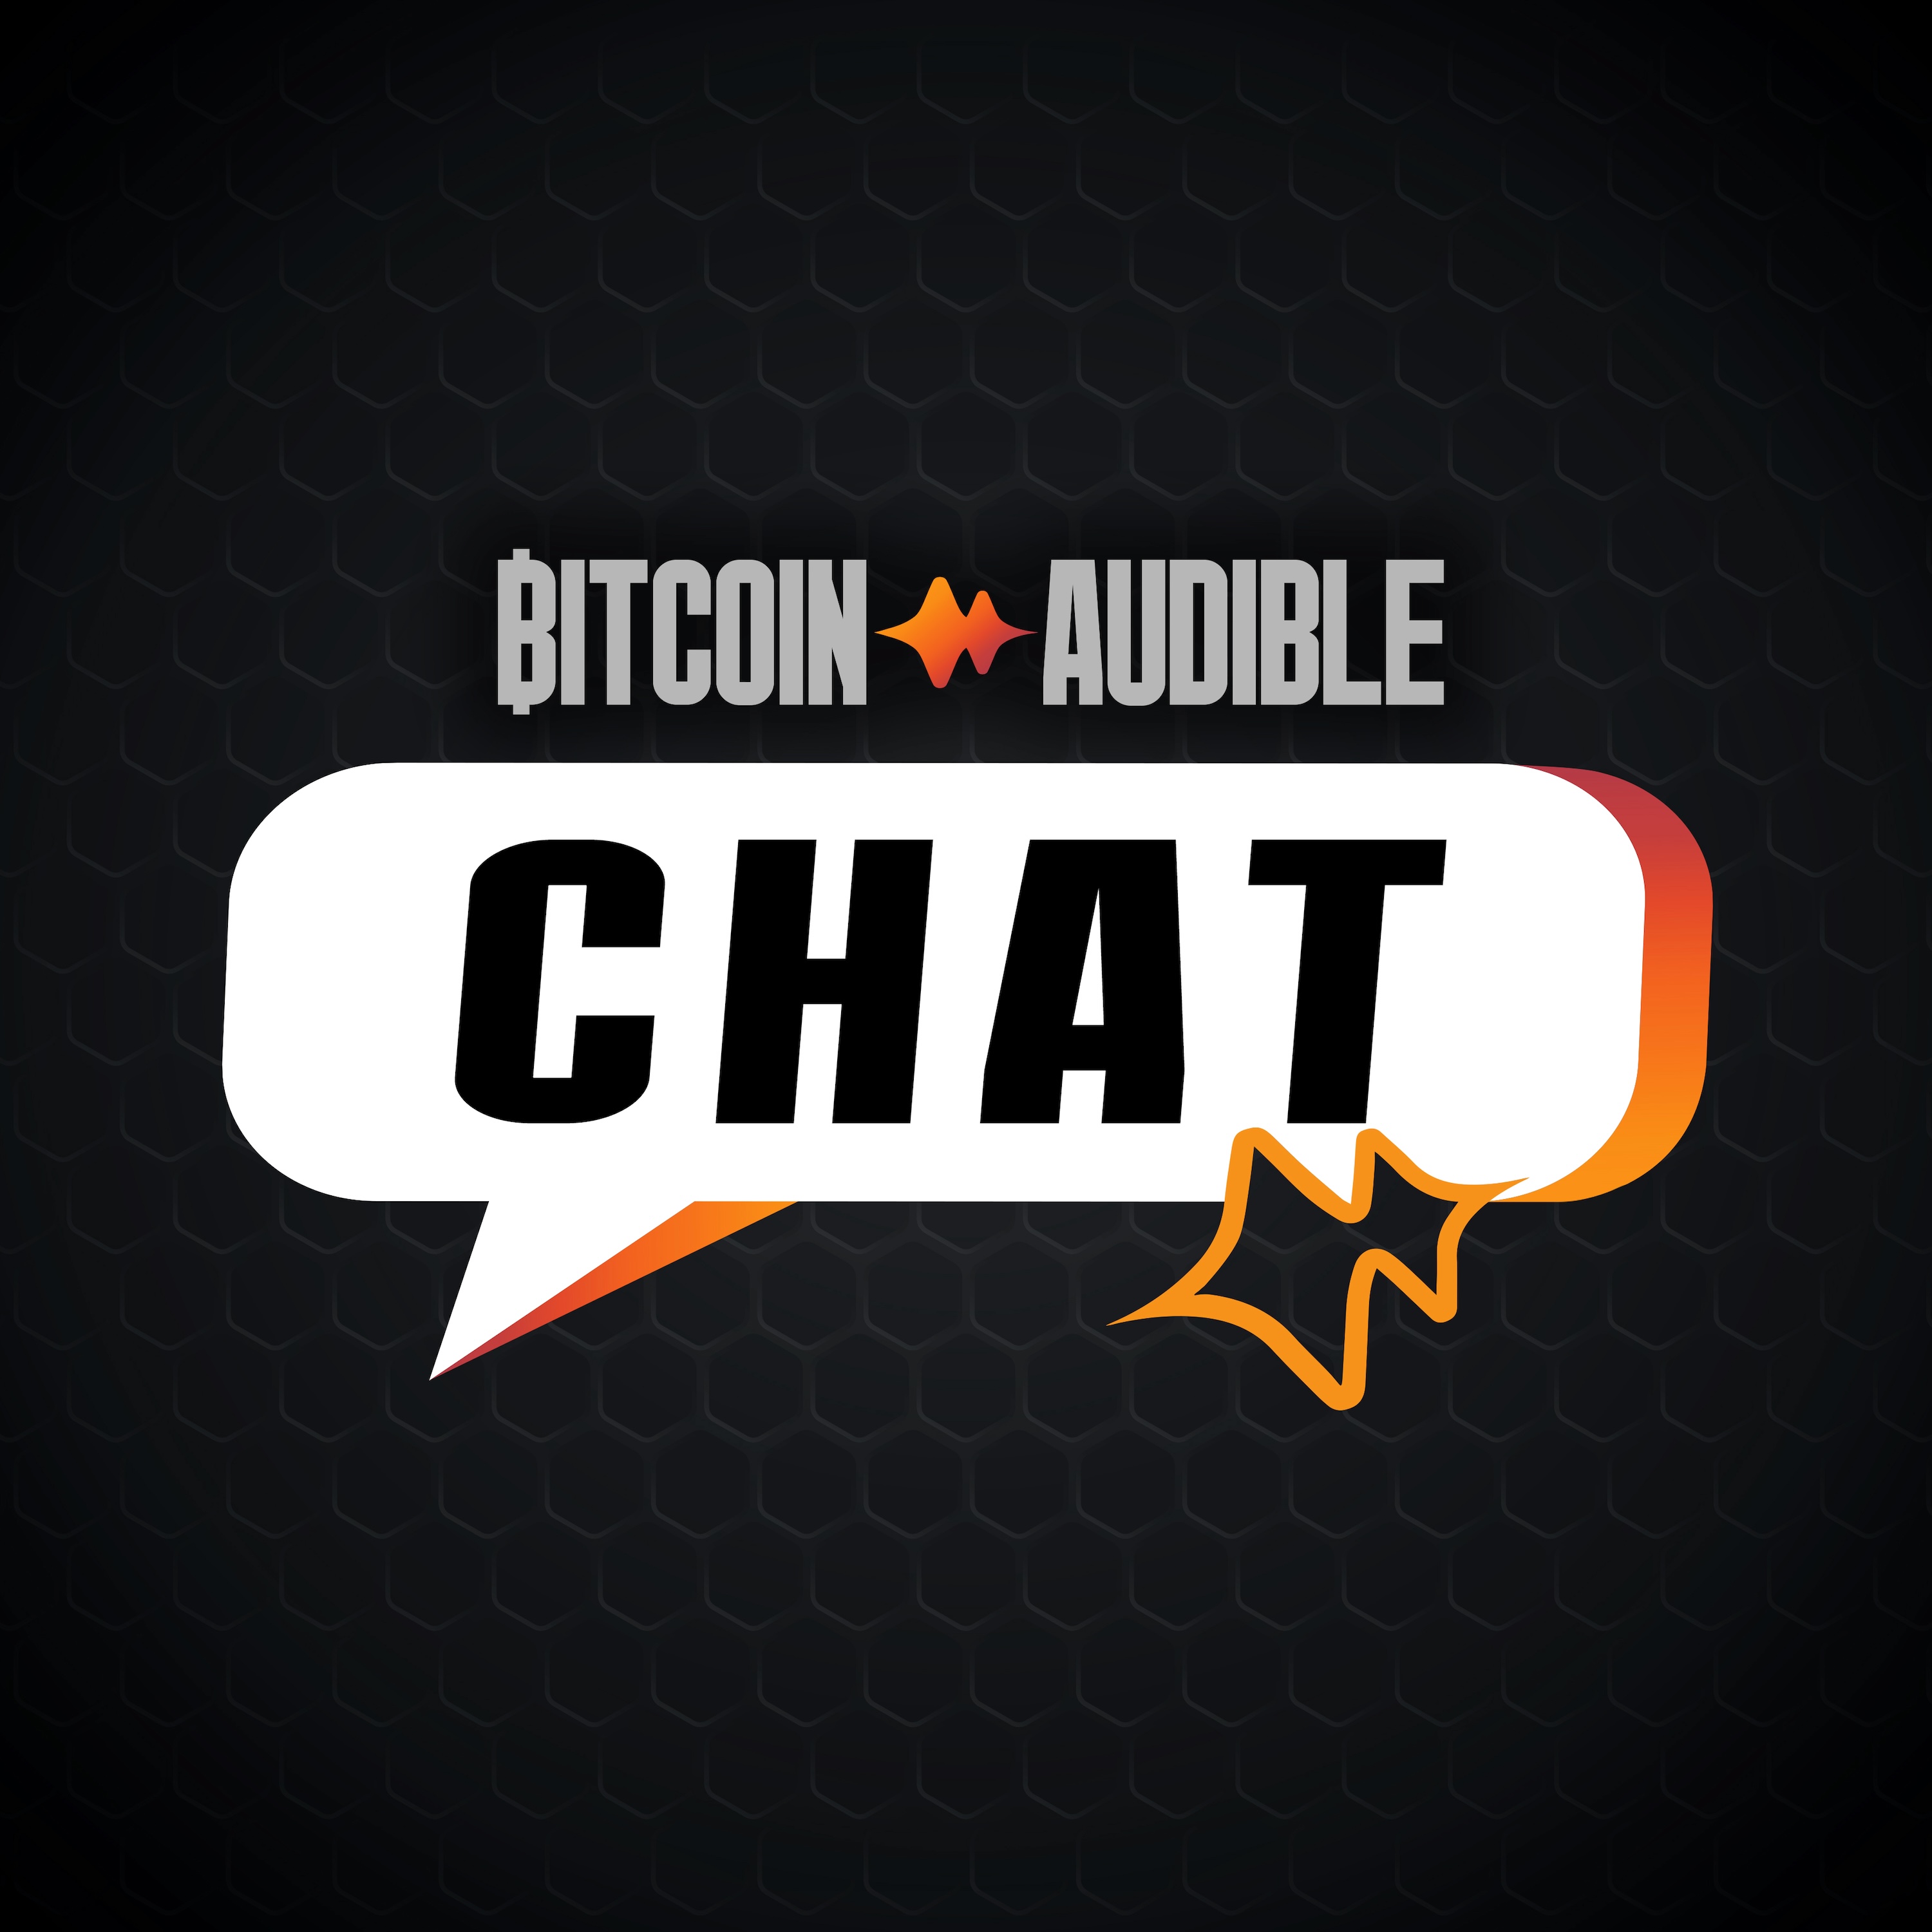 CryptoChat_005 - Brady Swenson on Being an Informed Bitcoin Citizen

--------------------------------------------------

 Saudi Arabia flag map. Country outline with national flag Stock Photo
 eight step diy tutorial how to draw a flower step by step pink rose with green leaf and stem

--------------------------------------------------

YOUR INSTRUCTIONS
When a line holds the string "with", pull it out of the listing.

RESULT OF THE EXERCISE
 Saudi Arabia flag map. Country outline with national flag Stock Photo
 eight step diy tutorial how to draw a flower step by step pink rose with green leaf and stem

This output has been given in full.